Я долил до краев, и мы выпили за культуру, глухо ударив чашки друг о друга. Эдвард осушил свою и крякнул.

— Как же размываем? — удивилась Галина. — Наоборот, обогащаем! Разве опыт, который мы здесь приобретаем, не делает нас глубже? Мы видим отсюда больше и о себе, и о стране.

— Да ничего мы не обогащаемся, — ответила Ольга за Эдварда, — чем тут обогащаться? Здешняя культура и образ мыслей людей от наших не отличается.

Ольга сказала это все совершенно безразлично. Она любила провокационные заявления. Спор для нее был скорее веселым времяпрепровождением, чем поиском истины.

— И тем не менее, — упрямо стояла на своем Галина, — они здесь другие.

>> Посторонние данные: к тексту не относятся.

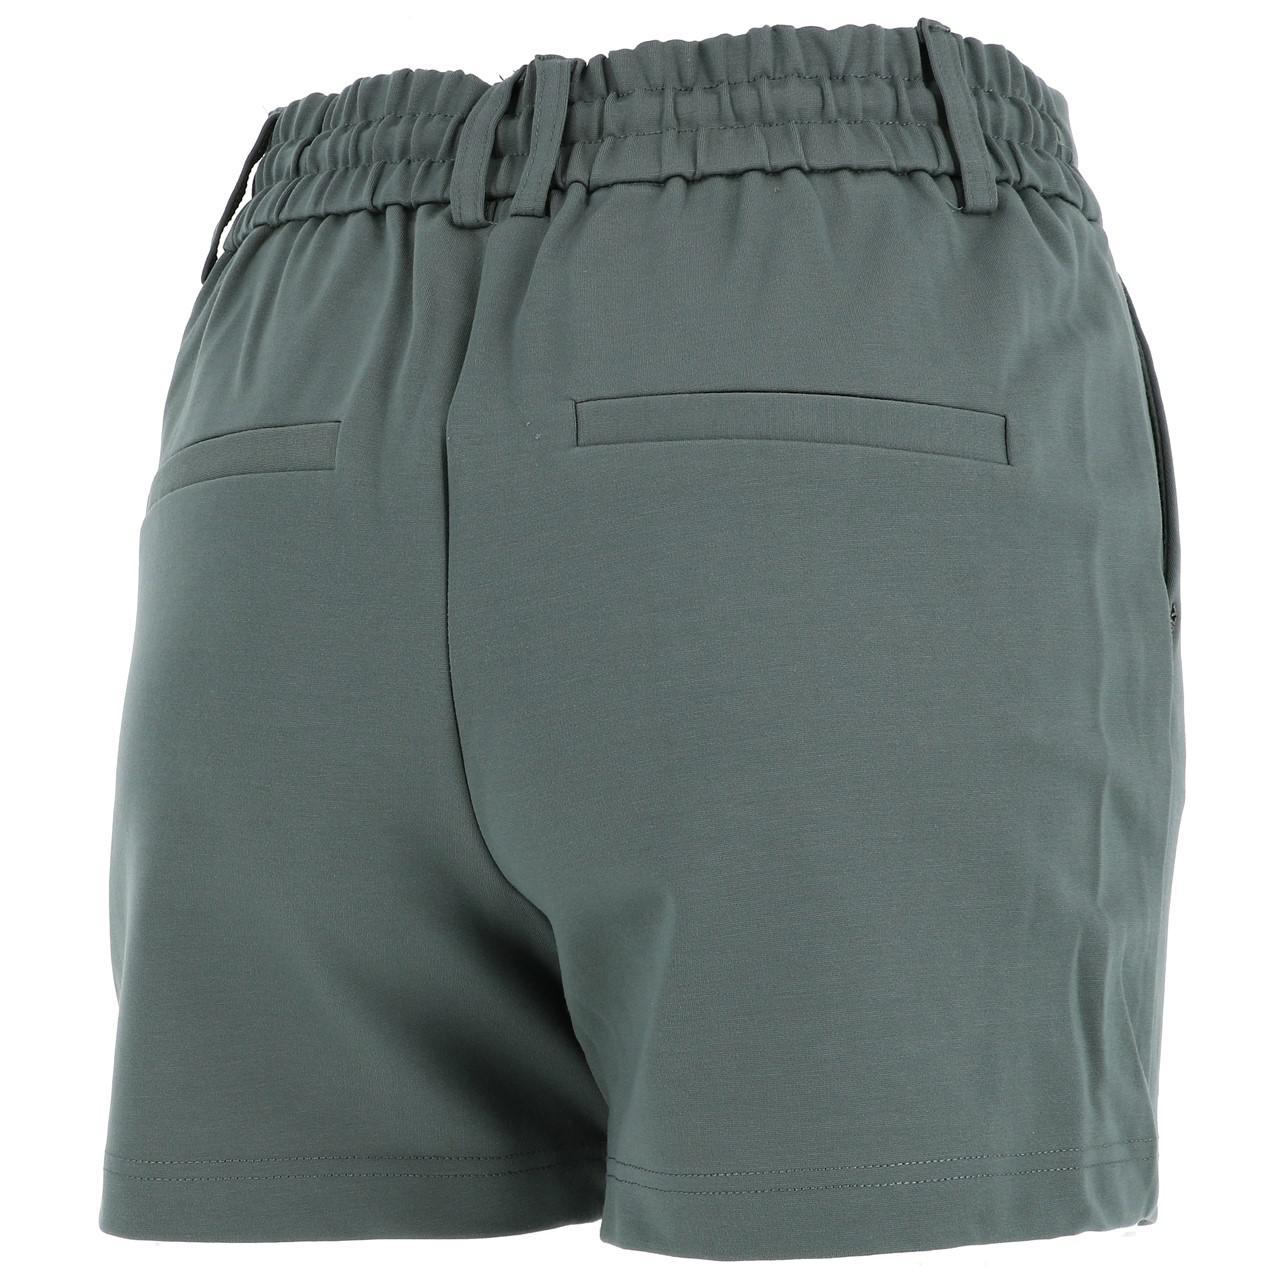 Bermuda-Shorts-Only-Poptrash-Lt-Khaki-Shorts-Green-18701-New thumbnail 5

— А в чем они другие? Места в общественном транспорте не уступают женщинам, или в чем? Другие! — издевательски повторила Ольга. — Вот встречает наш человек какого-нибудь иностранца, и они не совпадают характерами. И сразу же наш человек начинает быть настороженным: «А почему мы не совпадаем характерами? Да еще иностранец не на моем языке говорит, явно что-то совсем не то!» И уж конечно, самый удобный ответ — вот он, на подносе уже принесен и давно нас ждет-дожидается: потому что мы «другие». Самая популярная фраза, которую я слышу от русских за границей: «Не нравятся мне эти иностранцы, не знаю чем, но они отличаются от нас, мы совсем другие». Да чем же мы другие, господь с вами?

— Ну а что же ты-то с русским живешь? — Галина была непреклонна.

— Это совсем другое дело! — безапелляционно заявила Ольга.

— Ну как же, — я постарался изобразить на лице полуулыбку, — все мы четверо выбрали себе близких нам по менталитету людей. А близки мы в силу нашего языка. Но мне кажется, что банально новые знакомства с людьми других культур, международная карьера, все это обогащает. Несправедливо говорить, что все одно и то же.

— Ах, да разве не все равно? — нетерпеливо спросила Галина. — Мы уже приехали, уже получаем какой-то опыт. Не бессмысленно ли говорить, хорош он или плох, обогащает или нет? Только воздух сотрясаем. Ну разве что-то изменится?

— Ну что ж, — прохихикал Эдвард, — мы же тут четверо русских собрались выпивать, как же нам не разрешить все мировые вопросы? Иначе и не годится. Этому вопросу уже сотни лет. Знаете, — вдруг вспомнил он, — у Достоевского в одной из статей есть такая теория — о европейце как о стертом пятиалтынном, в котором видно, что серебро, а ни клейма, ни года не разберешь. Вот и в европейце. Сейчас отличишь француза от немца, кроме как по языку? Так что мы занимаемся той же проблемой, только в современном контексте. Мы чеканим стертые пятиалтынные из себя, да из других. Национальность появляется там, где люди спокон веку жили никуда не уезжая, поколениями. Так родились обычаи, традиции, культура. Теперь стало модным ездить по всему миру, жуть как много все мотаются туда-сюда! Мы говорим: надо знать и впитывать другие культуры. А делая это, проникая туда, изучая, мы разрушаем, разводняем их и свою заодно, потому что слишком много «впитываем» и перестаем быть ее носителями.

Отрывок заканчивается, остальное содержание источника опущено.